Opera Software has a new browser for smartphone and tablet users. The maker of the widely used browser of the same name will be launching a new smartphone and tablet browser called Opera Ice in February.

Pocket-lint revealed that Opera Ice is an attempt by the company to make a foothold in the mobile browser field dominated by Google and Apple. In an attempt to take these giants heads on, Opera has changed its approach strategy, switching to the WebKit rendering engine that Google Chrome and Apple Safari use instead of Presto, the engine that has powered Opera since 2003.

Opera Ice in a screen-grab (Photo Credits: Pocket-lint)

Opera Ice in a screen-grab (Photo Credits: Pocket-lint)

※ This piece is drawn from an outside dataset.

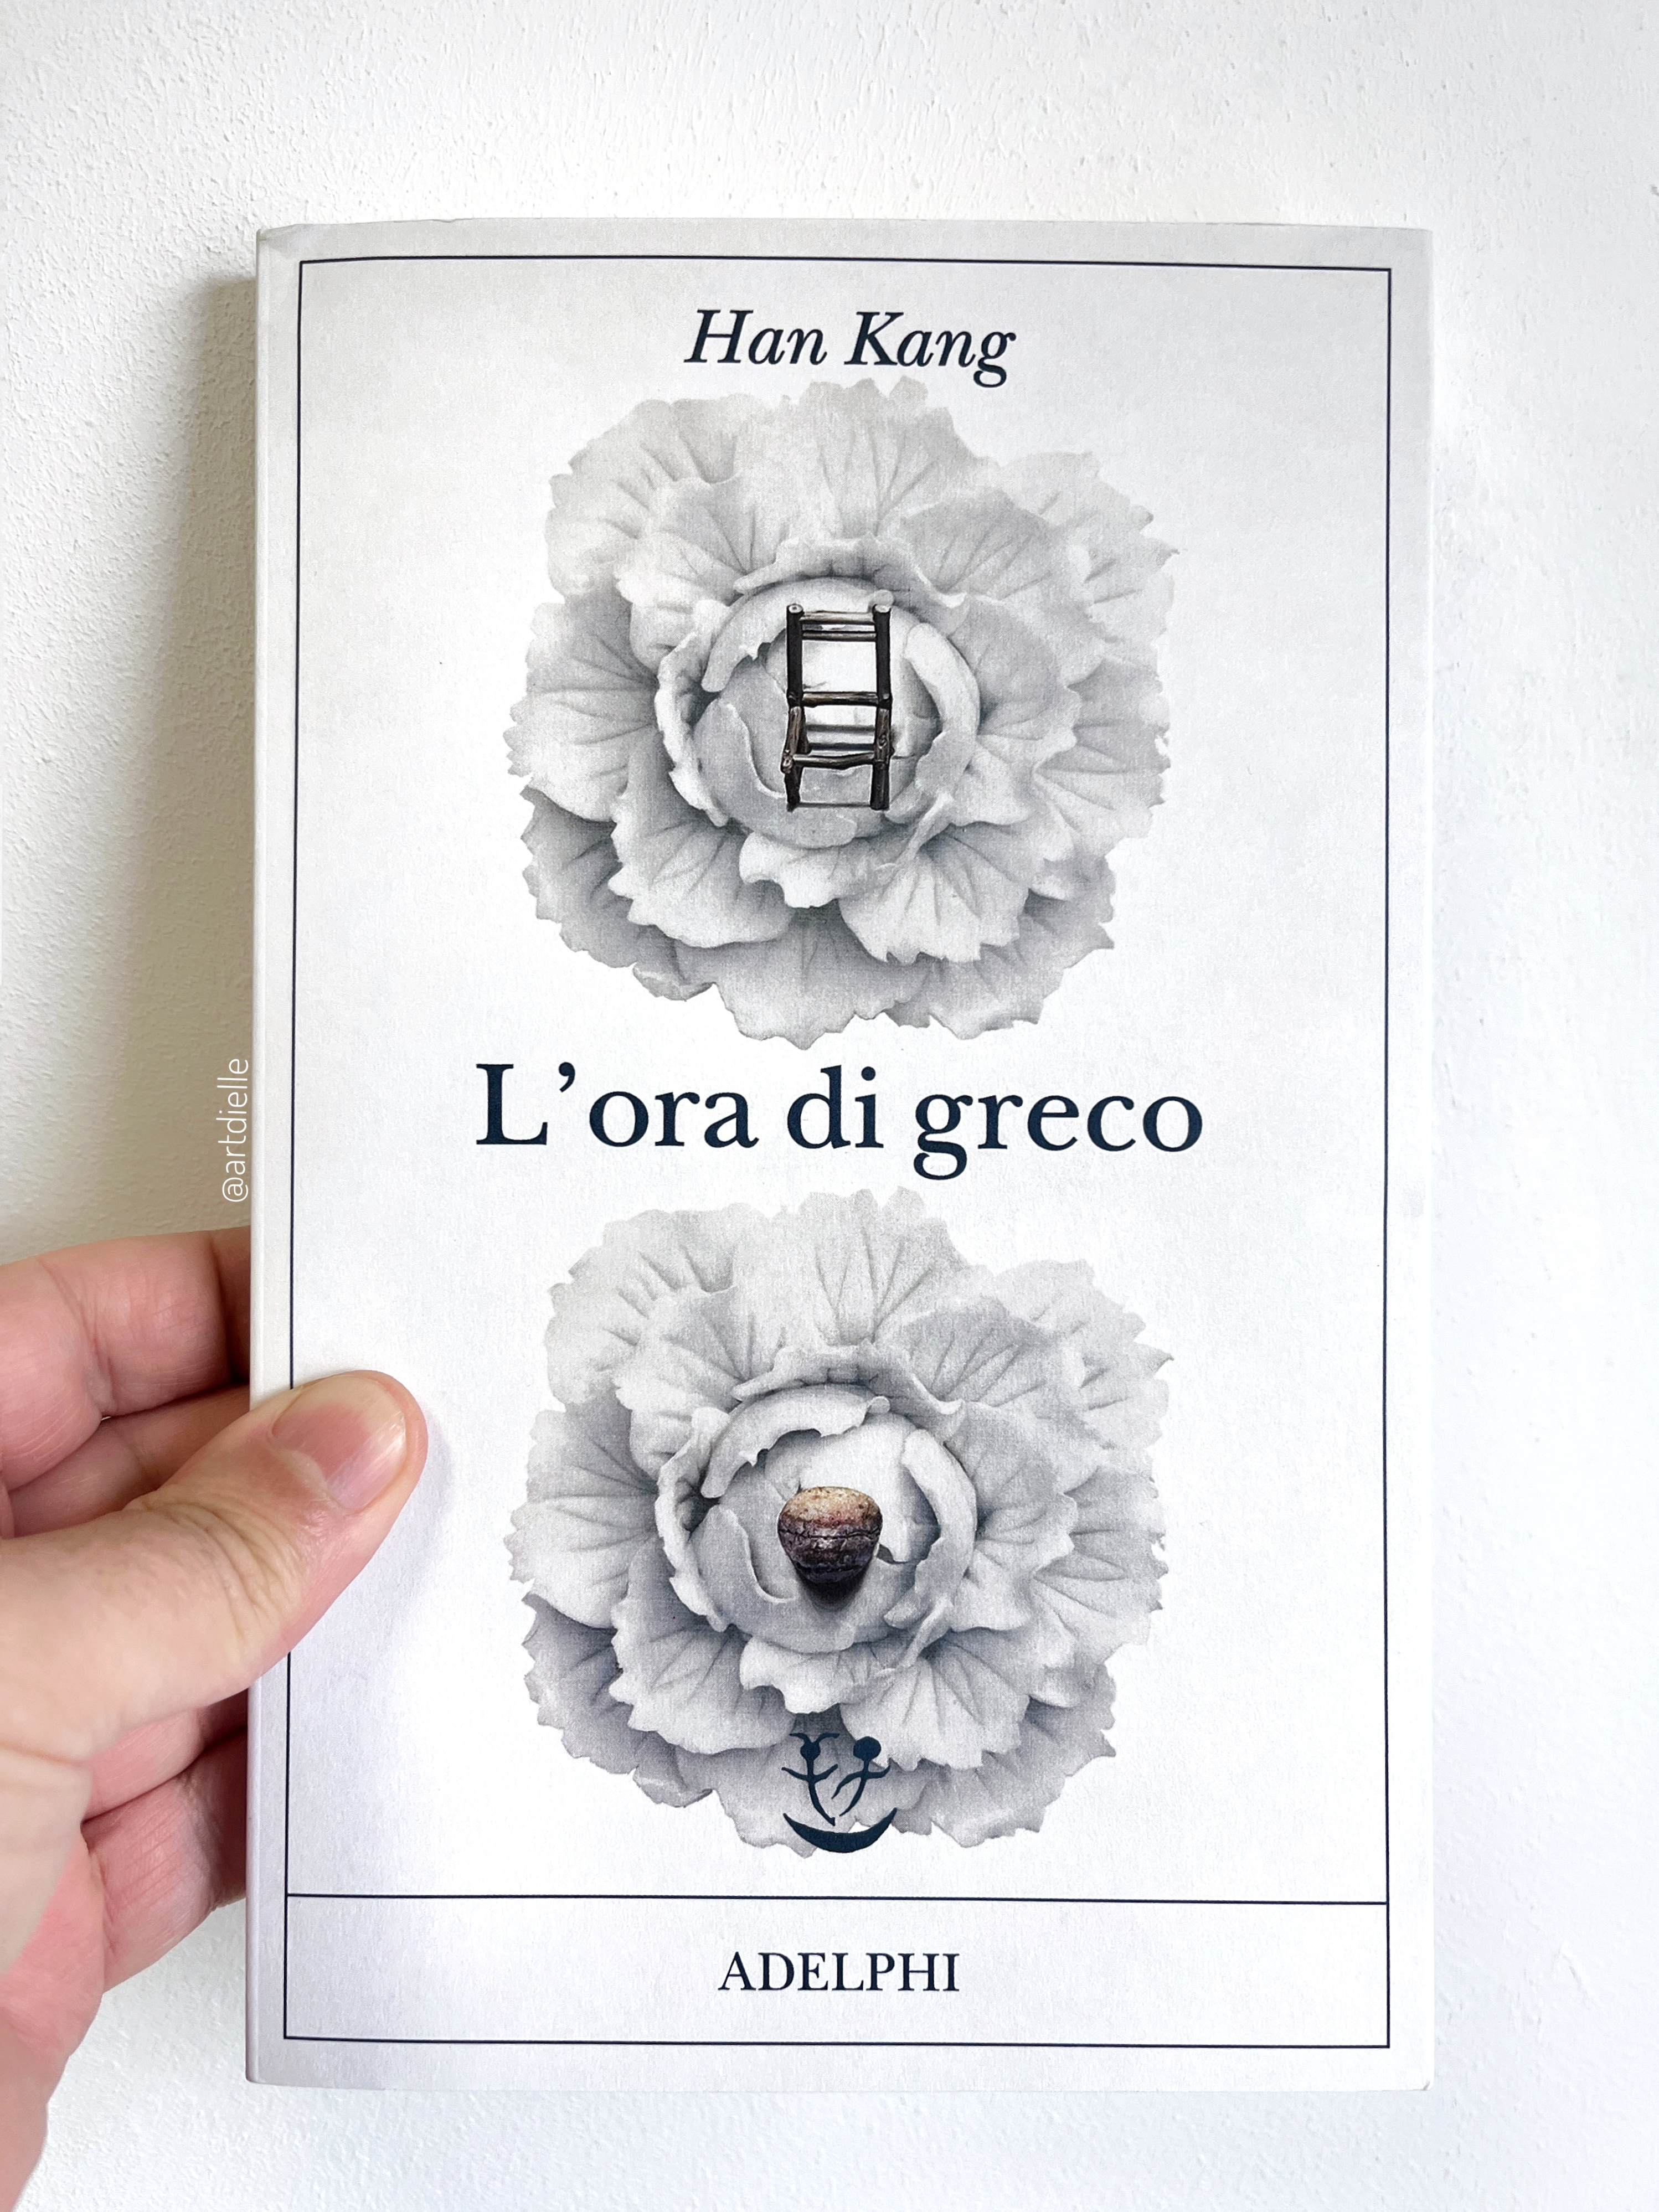 Arturo Dielle on X: Con L'ora di greco la coreana Han Kang costruisce un  romanzo in cui il testo si assottiglia pagina dopo pagina, fino a ridursi  all'essenziale. Il collasso del linguaggio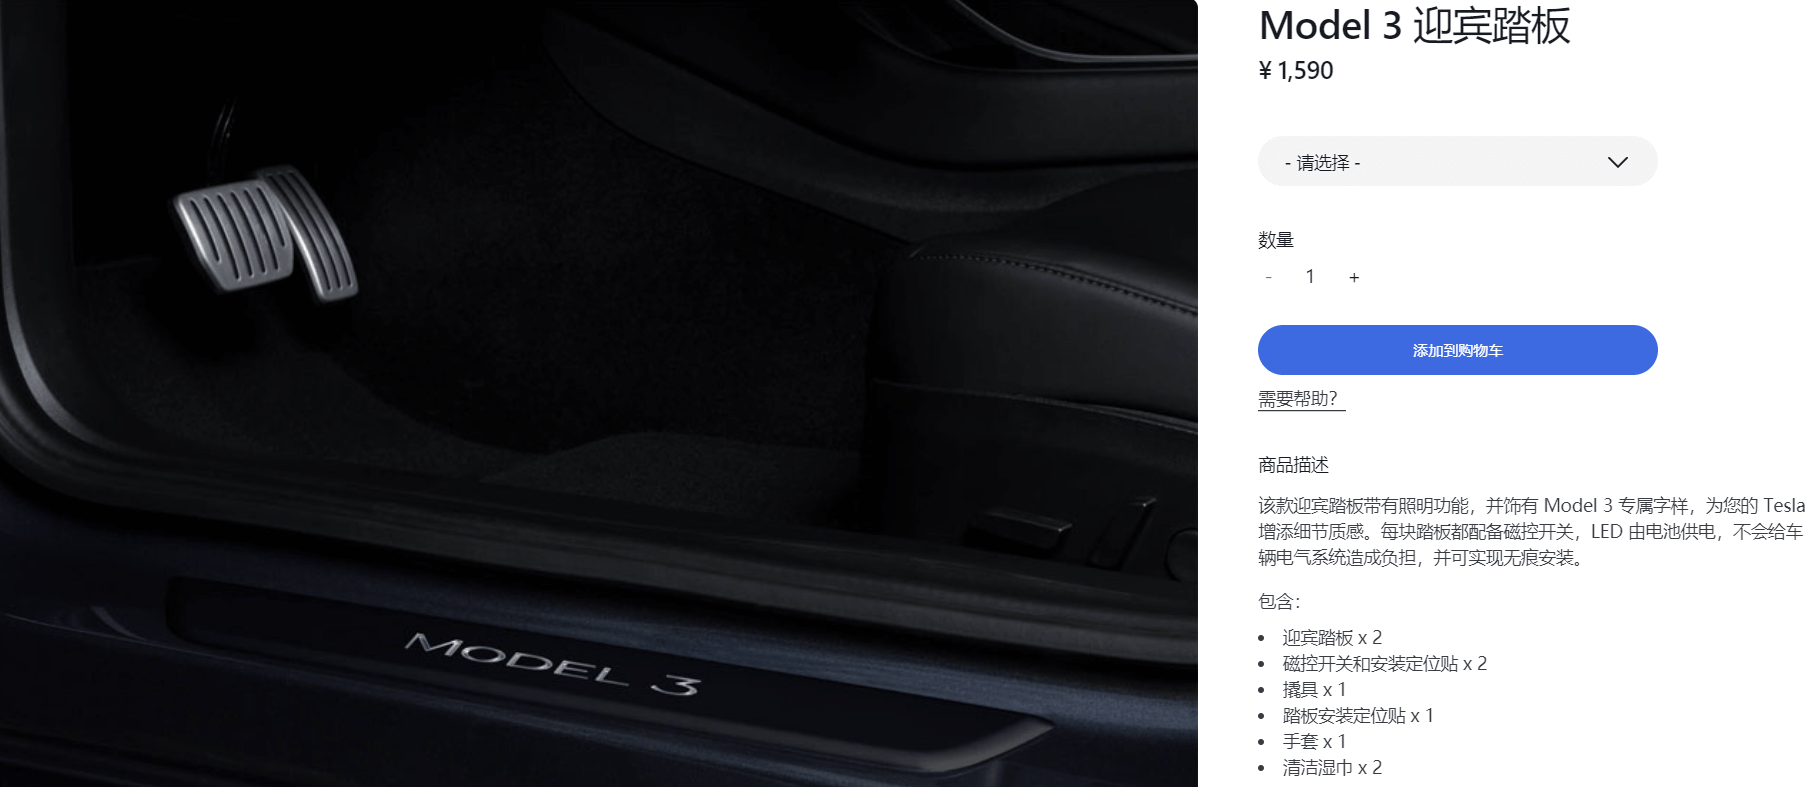 特斯拉上线Model 3发光迎宾踏板 售价1590元 - 特斯拉论坛

In a video published by Pocket-lint, Opera CEO Lars Boilesen explains that Opera has traded in the traditional tabs and buttons in favour of an all-touch gesture based control system. The homepage contains compact icons or ‘apps’ as Boilesen describes them. These apps can be used to open pages directly, like Boilesen shows with the Google Maps app. The URL bar and search functions have been combined to make the experience of browsing simpler. Boilesen shifts back and forth between pages via simple swipe hand gestures.

The ‘apps’ can be bookmarked and an icon placed on the opening screen for easier access. Boilesen also showed how going on to a website deemed dangerous by the browser will throw up a very animated warning sign.

This is a full touch and tablet-focused browser,” said Boilesen in the video explaining Opera Ice’s interface. “Most are taking a PC browser and squishing [it] into a tablet, or they are taking a mobile browser and blowing it up to fill the space.

What about the company’s existing mobile web browser Opera Mini? Boilesen says that while Opera Mini was ‘great’, it wasn’t offering features up to Chrome and Safari’s standards. There are also many sites Opera Mini does not work with. Instead of trying to stretch Opera Mini’s capabilities, the company decided to chalk out a new, smartphone and tablet-based browser that was customised to be used via hand gestures and had a UI that was built especially for the platform.

Boilesen confirmed that the company will not be ditching Opera Mini. “Mini is super important … It needs to be a platform where we create users and then migrate those users to over to our smartphone products,” he said. Boilesen also mentioned that there will be a desktop Opera browser to be launched in March.

Opera Ice is slated to be released in February for iOS and Android, said Boilesen. He said that Windows Mobile will also figure in Opera Software’s scheme of things soon, but it isn’t a priority till sales of the platform pick up.

Windows Mobile has seen a severe problem with browsers in the past, with Google blocking Maps on Windows Phone 8. Google had said that Internet Explorer was not a WebKit supported browser, leading to the blocking of the service. Of course, Microsoft refuted the claim saying, “Internet Explorer in Windows Phone 8 and Windows 8 use the same rendering engine.” Given this tussle, it wouldn’t be a bad move for Opera to take advantage.